This thick and hearty chili is slightly smoky and sweet, with a spice level that can be tailored to your taste. Borrowing a genius trick from our sweet potato pasta sauce recipe, thin strips of sweet potato are peeled into the chili. This is an easy way to add sweet potato to all sorts of dishes, as thin strips of sweet potato cook quickly and easily blend in with other ingredients.
With a simple list of ingredients and short simmering time, this chili is meant to be a convenient weeknight dinner. But do yourself a favor by cooking this recipe on the weekend, with plans to eat the chili for dinner later in the week. Chili is a meal that’s meant to be eaten as leftovers. It usually tastes better the second or third day, thickening up and becoming more flavorful.

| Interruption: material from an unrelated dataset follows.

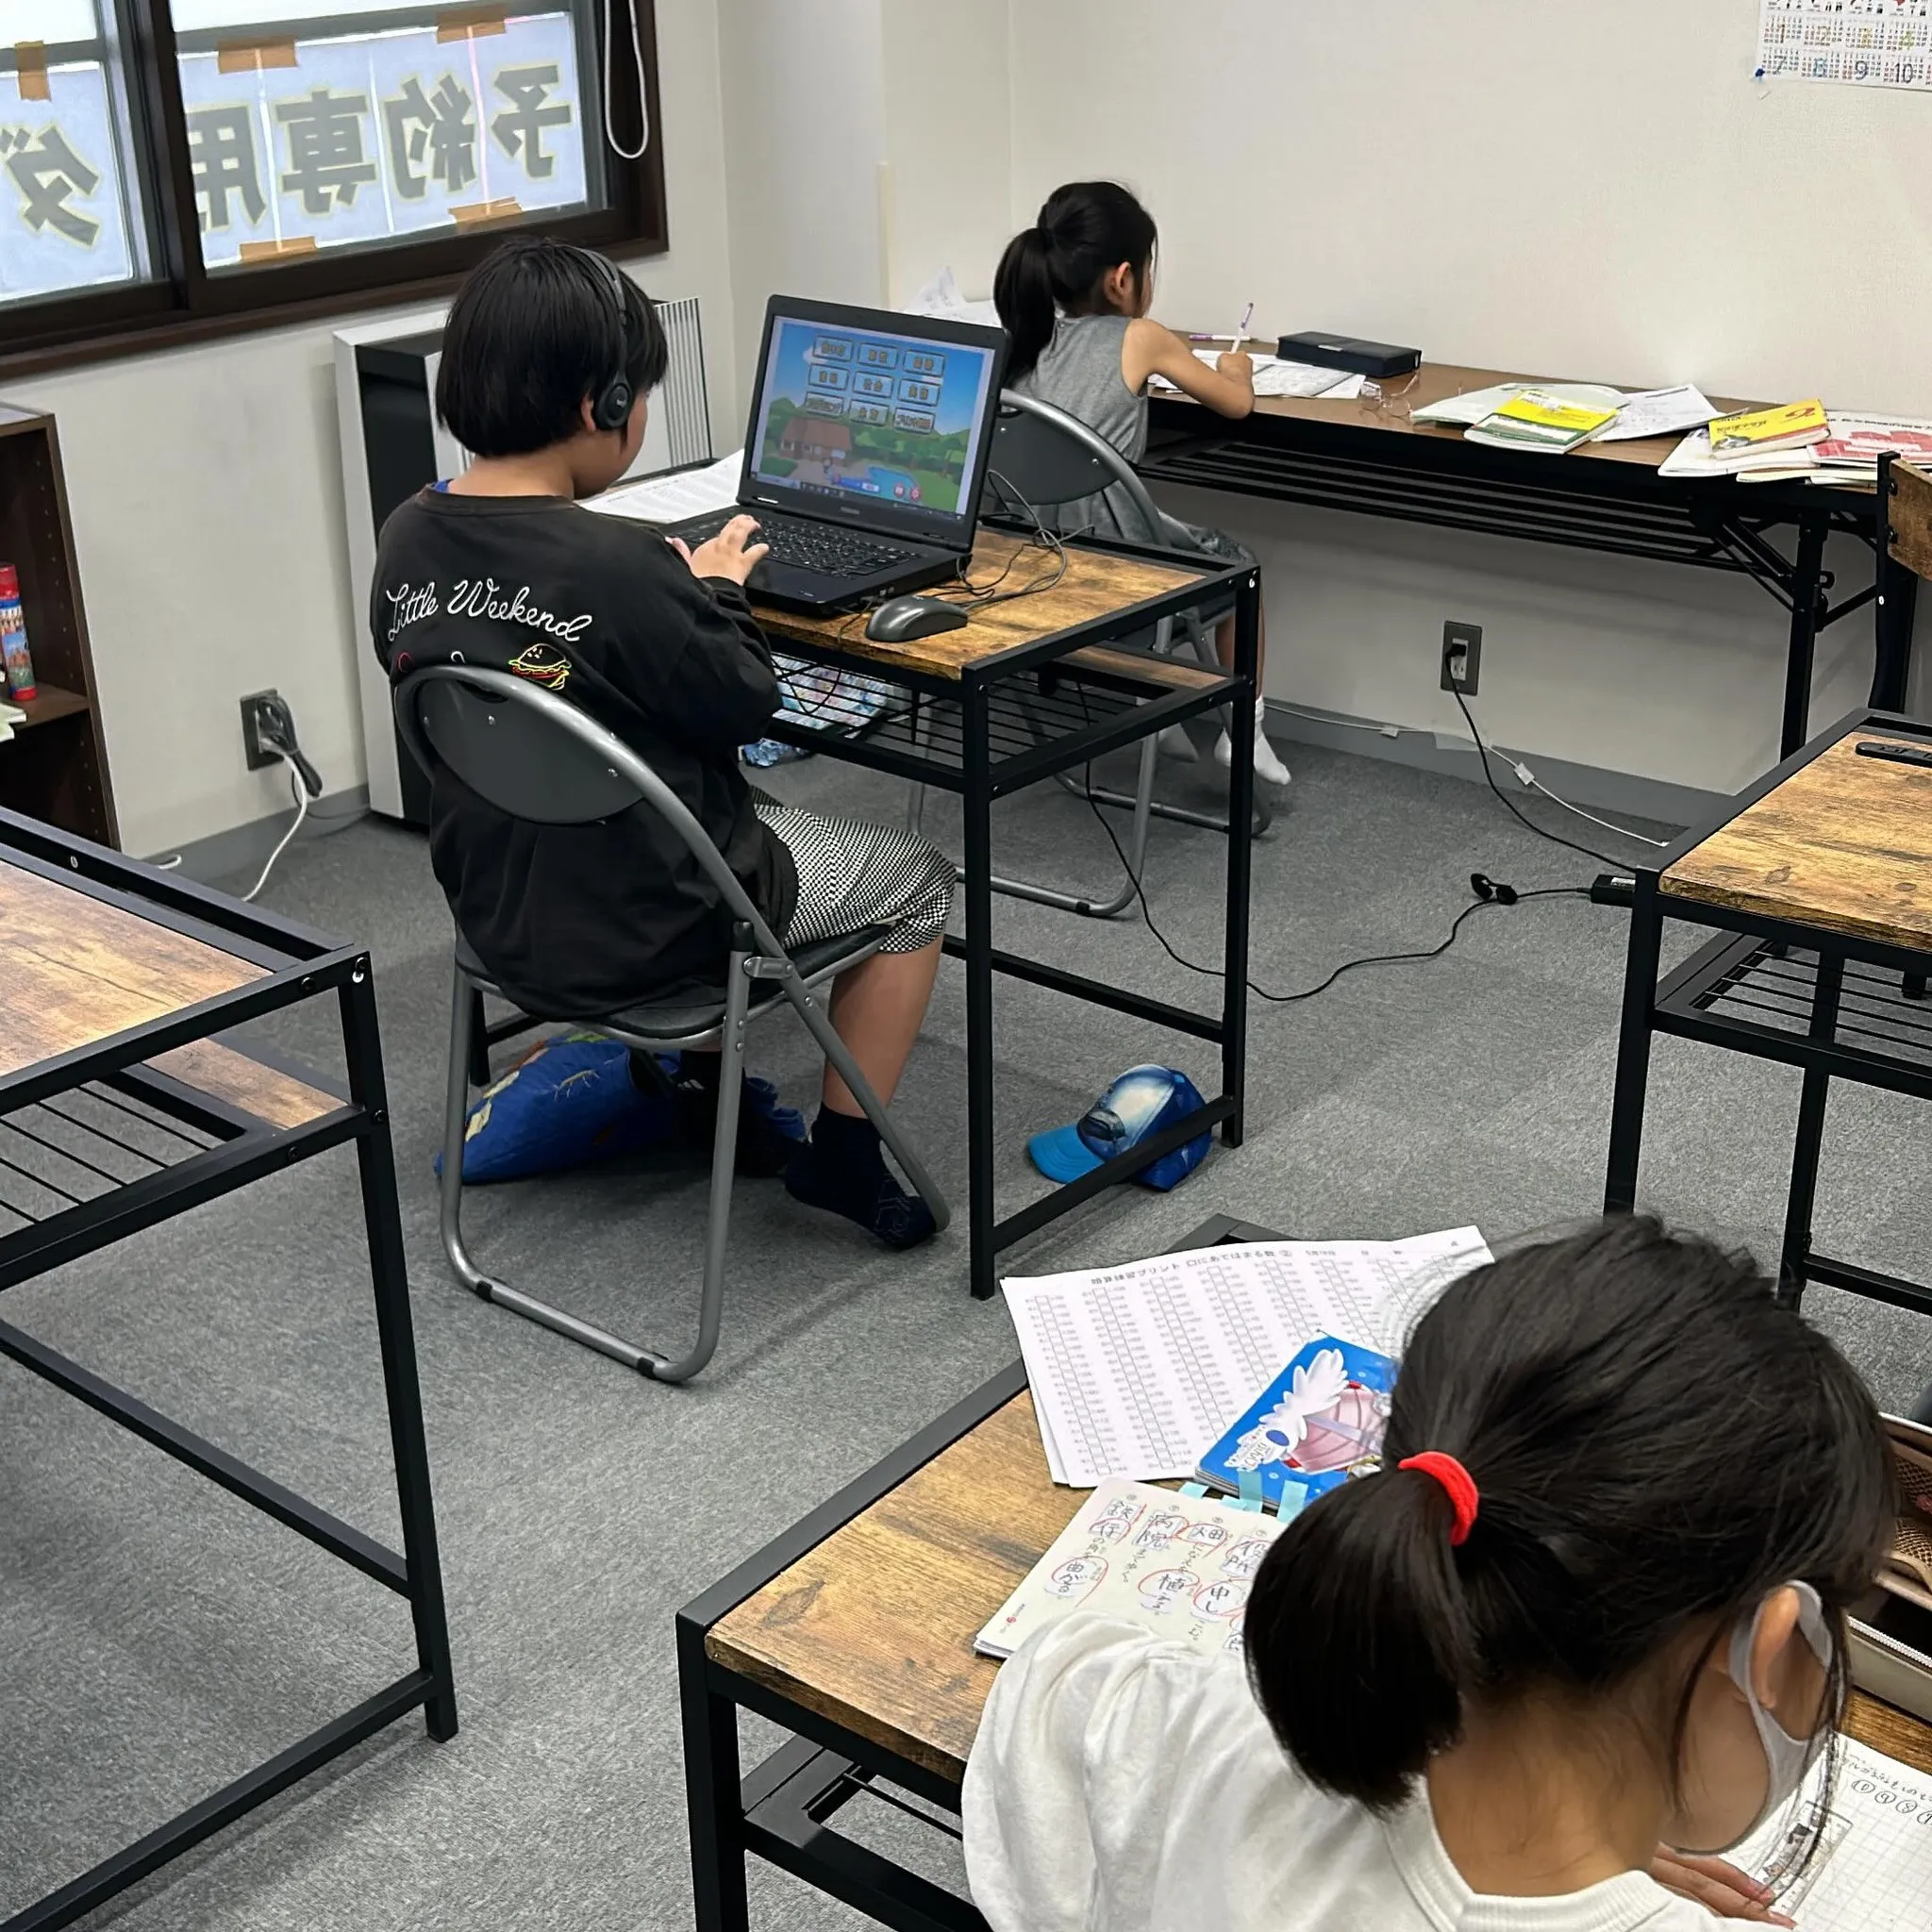 パソコン学習や漢字練習、学校の課題等色々やってます。

If you’re feeding this chili to little kids or heat-averse adults, use bell peppers and omit the jalapeno. To crank up the spice level, use poblanos and 1 or more jalapeños (plus a jar of hot sauce on the table).
Servings: 6 to 8
Time in the Kitchen: 35 minutes, plus 30 minutes to simmer
In a large, wide pot over medium heat add 2 tablespoons oil. Add onion, celery, poblano or bell pepper and jalapeno pepper. Saute until onion is soft, 5 to 8 minutes. Add chili powder, oregano, cumin, smoked paprika, and garlic and sauté 1 minute more.
Add the ground beef and ground pork. Cook until meat is lightly browned, breaking the meat up into small pieces as it cooks. Season with salt.
Peel the sweet potato and discard the skin. Then, continue using the vegetable peeler to peel the entire potato into thin strips.
Add sweet potato, tomatoes, bone broth, cinnamon stick and bay leaf to the pot. Stir well to combine all the ingredients.
Bring to a boil then reduce heat and simmer, covered, for 20 minutes then remove the lid and simmer 10 minutes more. Stir occasionally.